There are definitely quality differences - the tea names don't define quality generally, just the style of tea. One source of info is http://www.steepster.com , which has users reviews of teas - it's not comprehensive, but can give a clue. Bear in mind that, as with many speciality products, going from £2 per x to £4 per x will have a bigger impact than going from £4 per to £6 per x would. That said, it also depends to some extent what kind of tea you're looking for - many of the more expensive black teas wouldn't take milk well, for example.
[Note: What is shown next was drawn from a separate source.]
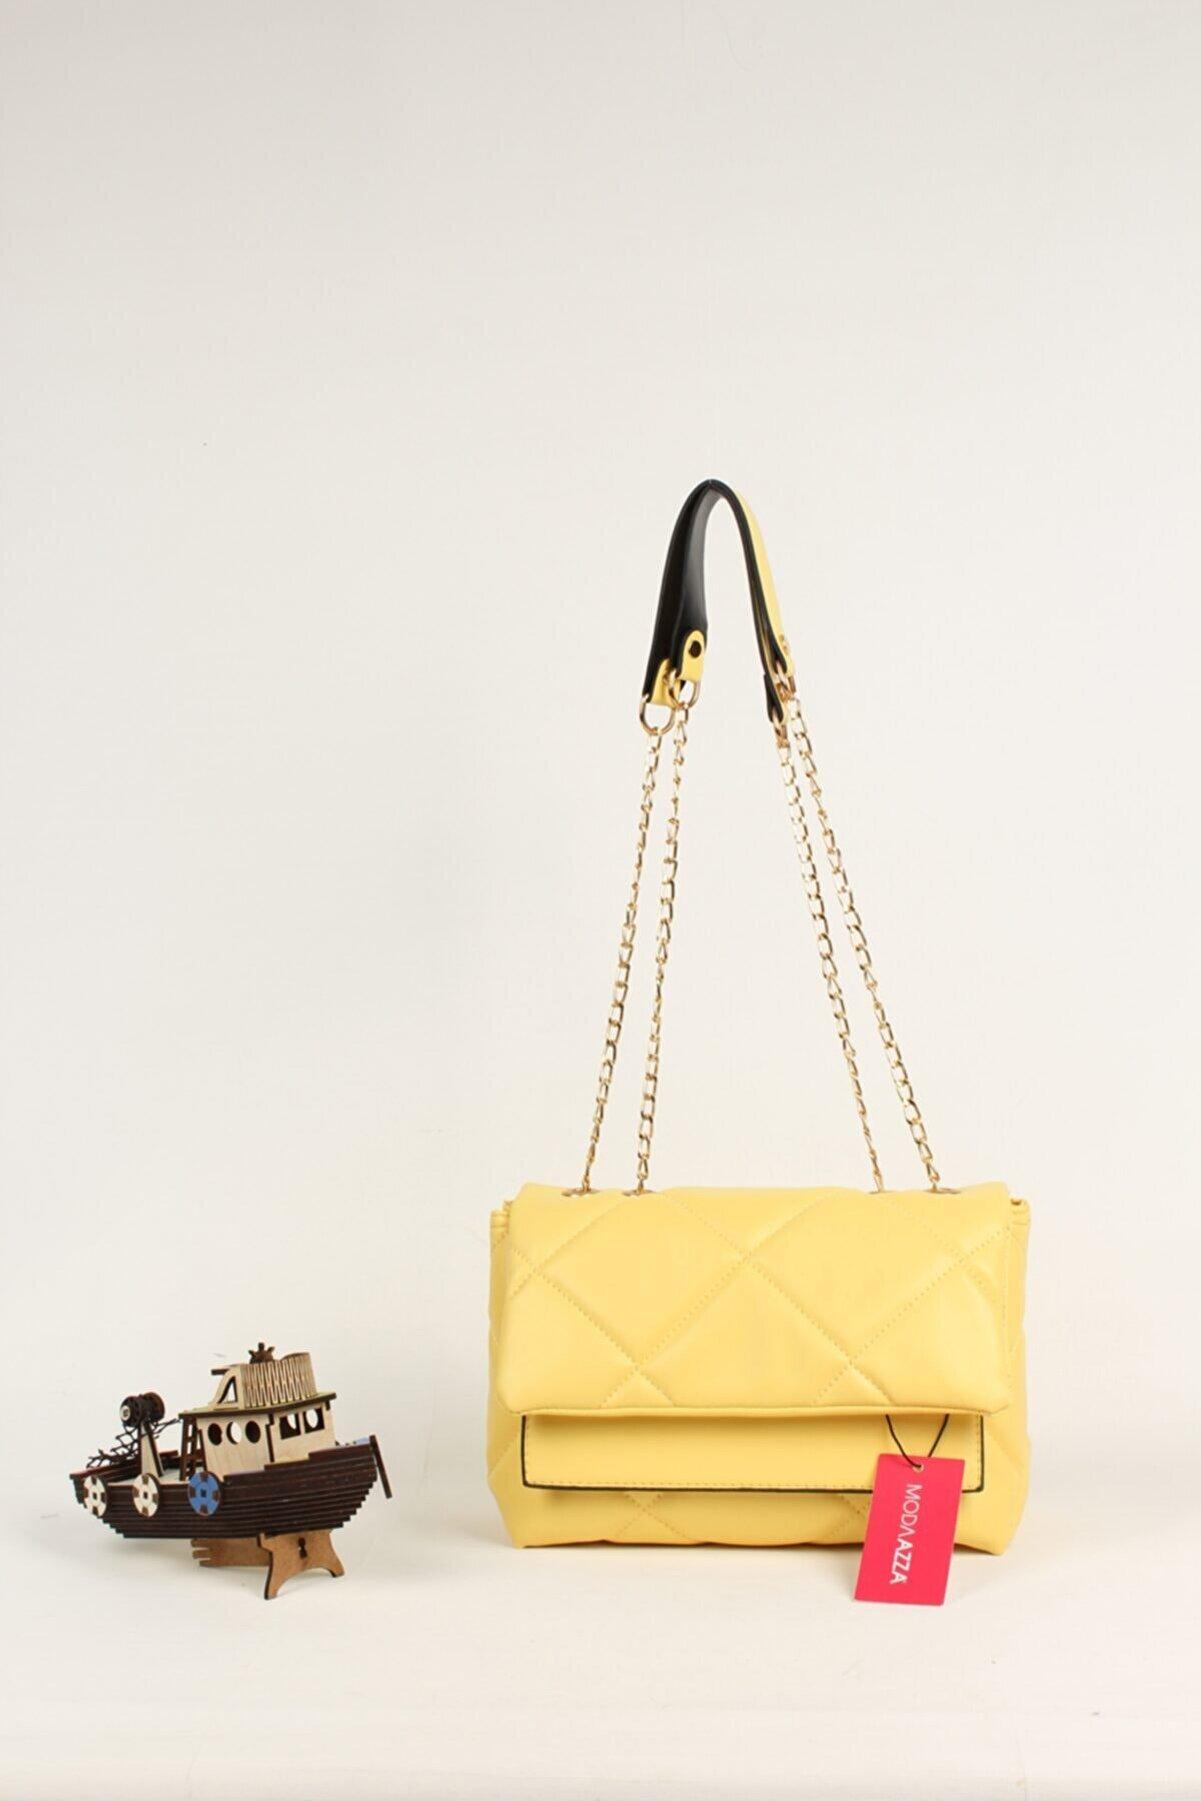 Moda azza Kadın Açık Sarı Zincir Askı Detaylı Omuz Çantası

-- Sent from my Palm Pre3 using Forums


----------



## CoffeeChris (Dec 2, 2011)

Ok....For example just looking at Assam......Suki Tea Fairtrade Assam is £3.99 per 100g. Note this is fairtrade. Canton Tea. Organic Assam Second Flush is £8 per 100g and a shop in nottingham lee-rosy is £2.95 per 100g. I know its unfair to compare Organic and Fairtrade...But comparing most black teas seems to be around the same kind of prices.

Im new to loose tea...So was just wondering if some are charging more because they are a 'bigger company' with more overheads or is there a quality in suppliers.
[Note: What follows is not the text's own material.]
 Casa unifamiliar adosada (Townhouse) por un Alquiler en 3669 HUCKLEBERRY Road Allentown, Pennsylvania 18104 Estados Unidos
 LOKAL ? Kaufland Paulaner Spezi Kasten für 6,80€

I guess the best way is to try them and see if I notice the difference!


----------



## CoffeeChris (Dec 2, 2011)

I have two more questions!

1. Any good books on tea?

2. I know with coffee theres different process's when drying...Is this the same with tea? or is it the quality of the plants?


----------



## RolandG (Jul 25, 2010)

inaboxmedia said:


> Ok....For example just looking at Assam......Suki Tea Fairtrade Assam is £3.99 per 100g. Note this is fairtrade. Canton Tea. Organic Assam Second Flush is £8 per 100g and a shop in nottingham lee-rosy is £2.95 per 100g. I know its unfair to compare Organic and Fairtrade...But comparing most black teas seems to be around the same kind of prices.
> 
> Im new to loose tea...So was just wondering if some are charging more because they are a 'bigger company' with more overheads or is there a quality in suppliers.
> 
> I guess the best way is to try them and see if I notice the difference!
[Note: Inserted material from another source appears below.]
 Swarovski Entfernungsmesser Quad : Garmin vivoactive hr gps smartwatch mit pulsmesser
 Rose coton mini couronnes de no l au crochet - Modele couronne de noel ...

Try and see is always best! That said, the difference in prices is generally reflective of the grade of tea you're getting. Assam is a very broad term - think of it a bit like a Brazilian Coffee. It gives you an idea of the flavour profile to expect, but not the quality. Canton mentions Second Flush - that's a bit like giving the crop year for a coffee, they know when it was picked. My personal favourite for black teas like Assam is Waterloo (disclaimer - I work for HasBean, who sell Waterloo teas, and I've met the owner, Kas - so I'm biased). Their top Assam is £7 for 50g. One thing that you can look for is the grade for the tea - black teas have a formal grading system, which for the Waterloo tea above is FTGFOP1 (Fine Tippy Golden Flowery Orange Pekoe - yeah, the names for the grades are very obscure!). Another thing to look for is the name of the farm/estate it was grown on - i.e. Canton's second flush assam is from Mothola Tea Estate.



inaboxmedia said:


> I have two more questions!
> 
> 1. Any good books on tea?


My best book I've come across is The Tea Enthusiast's Handbook, followed by Tea Classified.



inaboxmedia said:


> 2. I know with coffee theres different process's when drying...Is this the same with tea? or is it the quality of the plants?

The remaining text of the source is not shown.